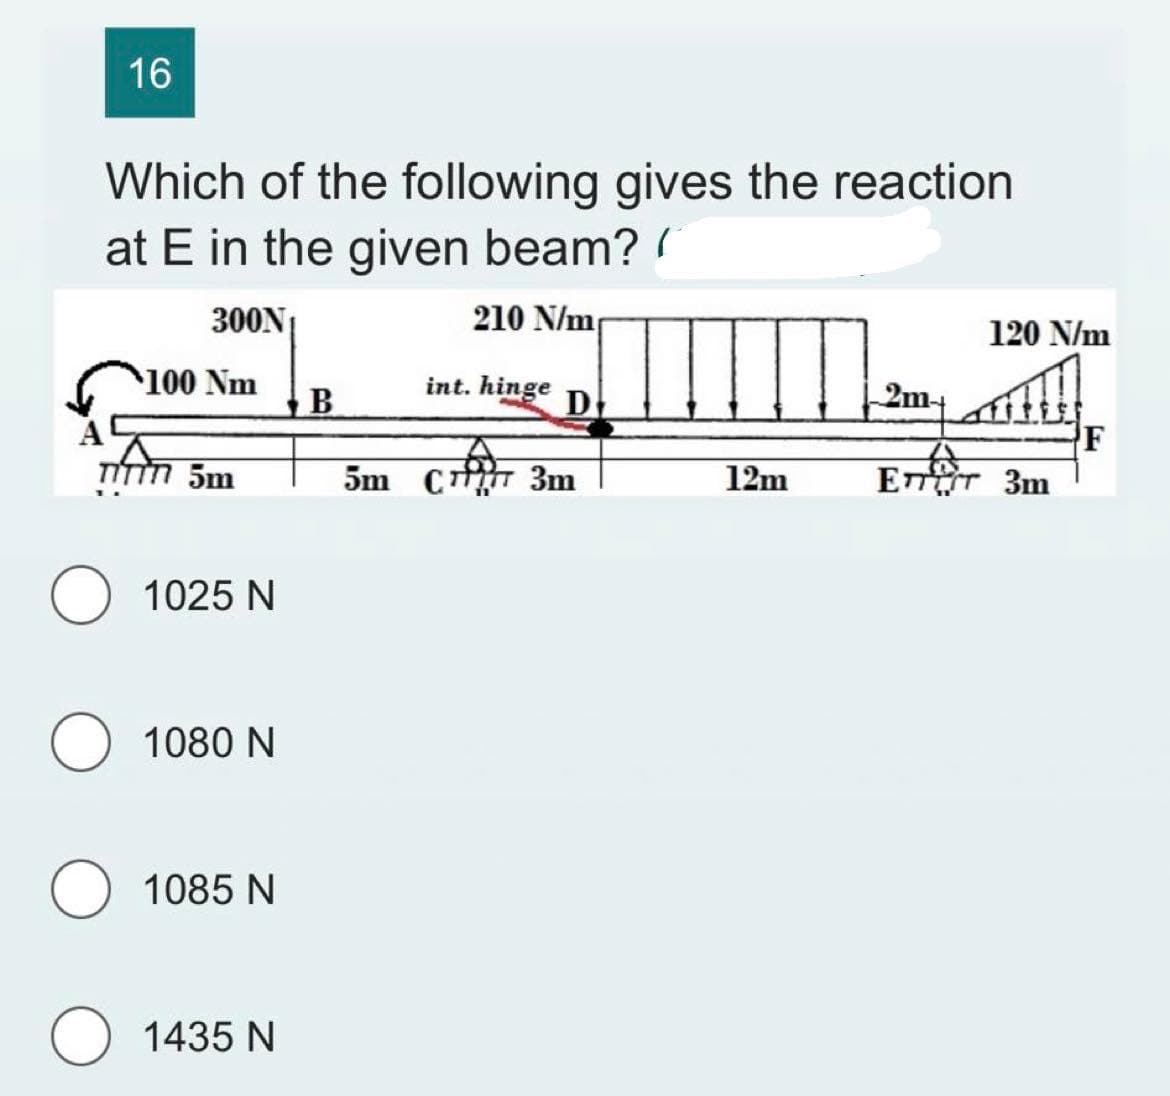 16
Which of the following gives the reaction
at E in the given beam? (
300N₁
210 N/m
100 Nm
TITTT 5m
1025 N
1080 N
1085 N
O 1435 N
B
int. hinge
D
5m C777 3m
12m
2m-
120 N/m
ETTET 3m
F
########
(Instructions to follow) Output each record above exactly; omit the images.

(Output for this task)
 16
Which of the following gives the reaction
at E in the given beam? (
300N₁
210 N/m
100 Nm
TITTT 5m
1025 N
1080 N
1085 N
O 1435 N
B
int. hinge
D
5m C777 3m
12m
2m-
120 N/m
ETTET 3m
F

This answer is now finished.